The other side of the mail chute: The "no phone calls" saga continues

This anonymous comment wandered in from someone who is obviously a frustrated manager:

I get the job of going through all the resume tapes sent to the station before giving my top choices to the news director. One thing I can't figure out---why is it only the undesirable candidates that continually call and email asking if I've received their reel? If we want to talk to you, we'll make it happen! It's ridiculously annoying.

Well, that certainly brought back memories, as this comment is spot-on. Despite the "no phone calls" notation in most job postings, some people think that being aggressive in job hunting will improve their chances.

I remember one person in particular who wouldn't leave me alone. We had posted a reporter opening, and, as is always the case, a few nanoseconds after the post hit my phone rang. (And I'm not making any of this up.)

Job applicant: "Hi, my name is xxxxxx and I'm calling about the reporter opening--"

Me: "The ad says no phone calls."

Job applicant: "But you won't need to look at any other tapes. You can hire me right now. I'm the most dynamic person you'll meet!"

Me: "I'll look at your tape when it arrives and if we're interested we'll contact you."

Then the emails and follow-up calls started. Every single day. "Have you received my tape yet? Have you looked at it? Do you have any feedback?"

Needless to say, the tape was from someone who "wanted to be on TV" as it was a montage of weird stuff shot on a home video camera. I'd seen better wannabe tapes from fashion models.

This person kept calling, I kept saying I was hiring someone else. And yet the applicant wouldn't go away, like a stray cat you fed once who now shows up at the door on a regular basis. It got to the point where the person was demanding feedback.
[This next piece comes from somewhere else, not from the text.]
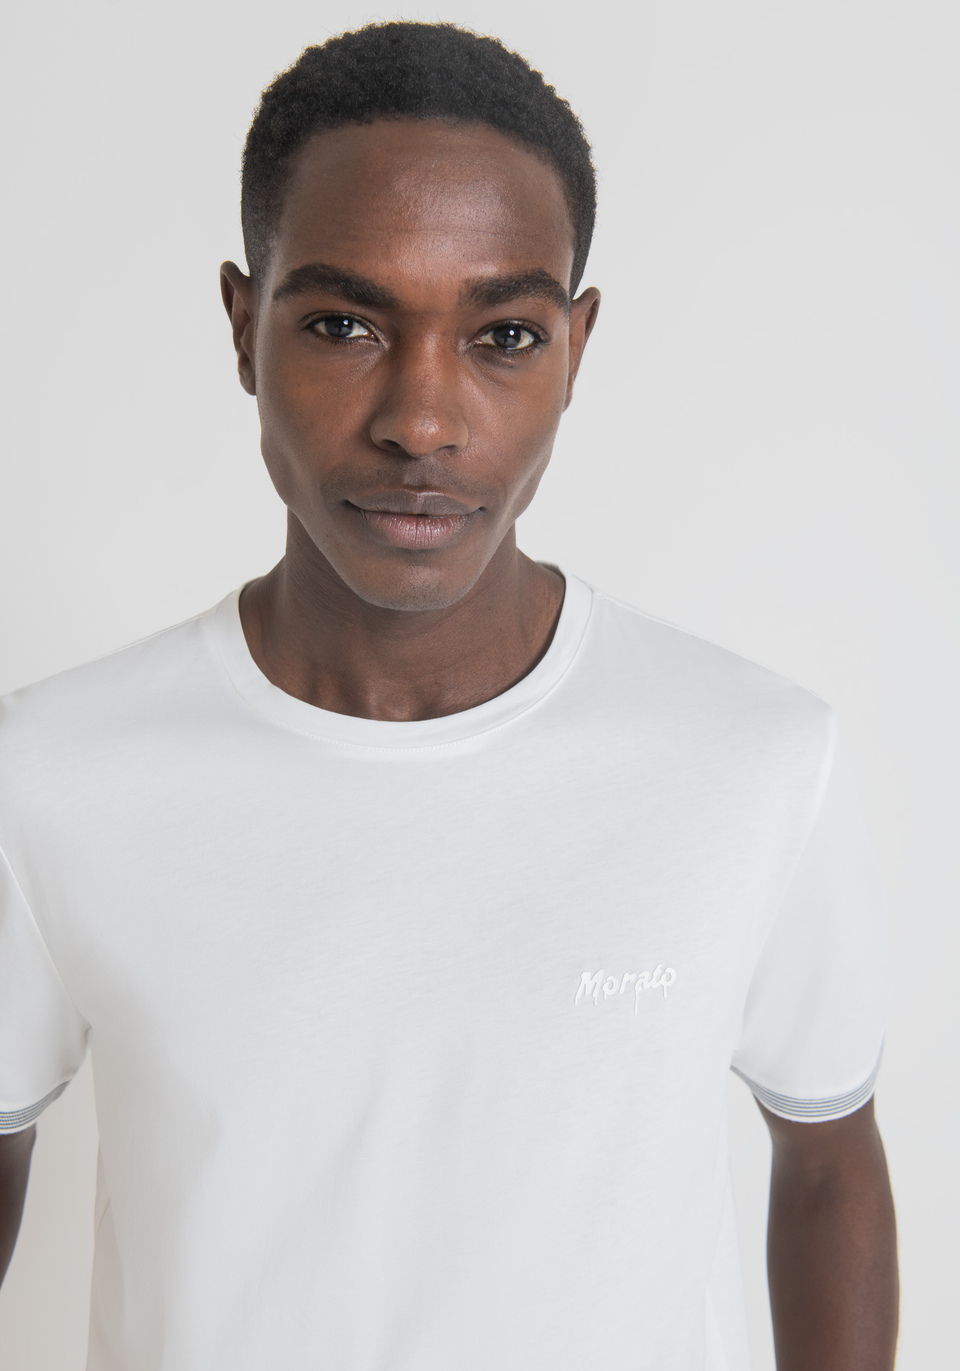 REGULAR-FIT T-SHIRT IN PURE COTTON WITH "MORATO" PRINT - Antony Morato Online Shop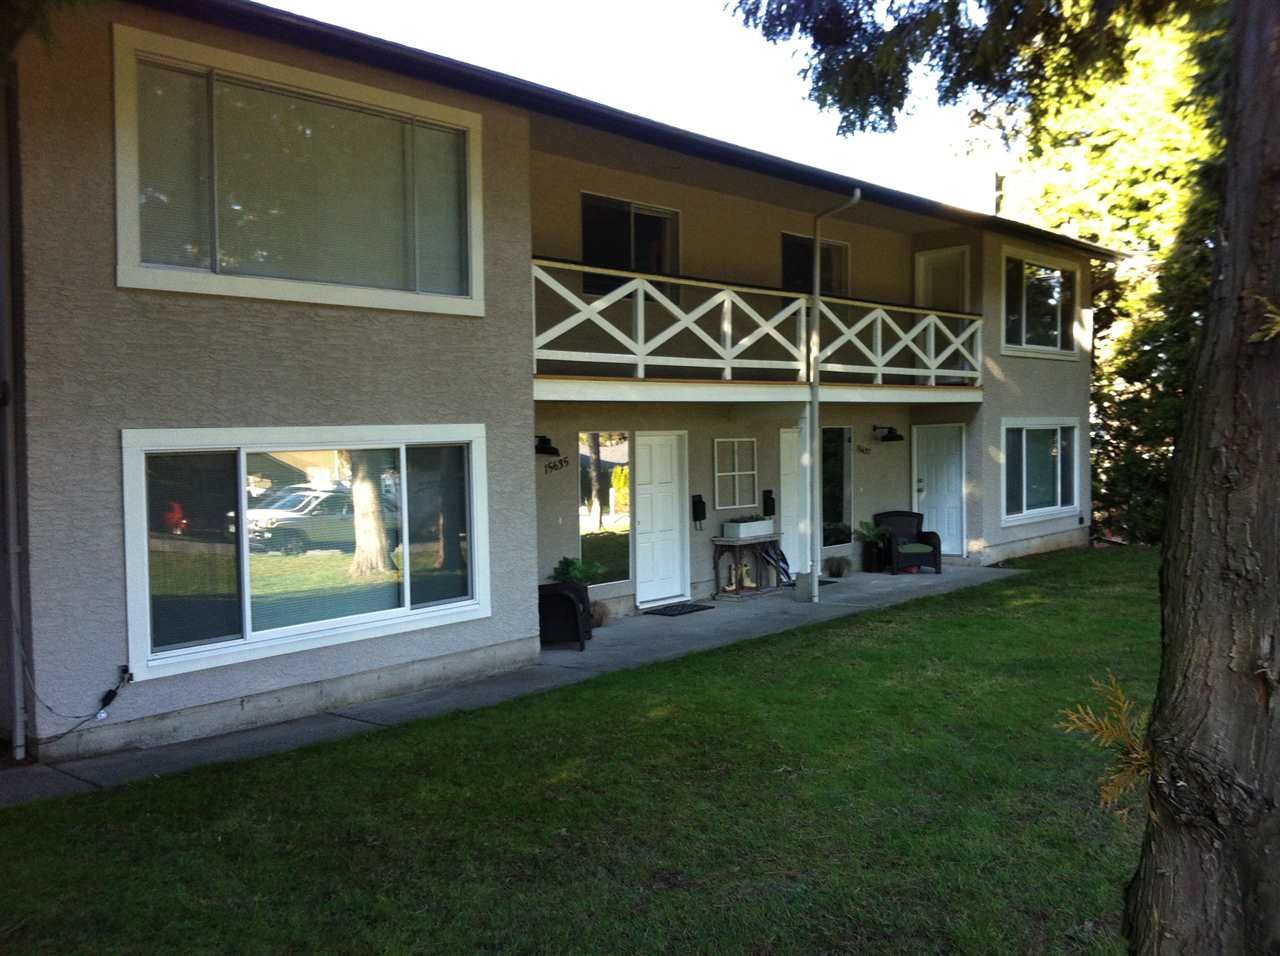 Main Photo: 15635 ASTER ROAD in Surrey: King George Corridor Multifamily for sale (South Surrey White Rock)  : MLS®# R2317140

And that's where this person and many job applicants miss the point:

As a News Director, you watch 15-20 seconds of a resume tape. Unless you watch a lot more, you can't give feedback.

But back to the original comment. People like this can be truly annoying. Instead of sending a tape and letting the work do the talking, people who incessantly call and are demanding are shooting themselves in the foot.

Being overly aggressive is a good trait for a reporter, but not when it comes to the job hunting process. If you want to "keep in touch" with a News Director, it's perfectly acceptable to send a tape every two months or so. But to hound someone on a regular basis makes no sense, and puts you at a disadvantage before your tape even arrives.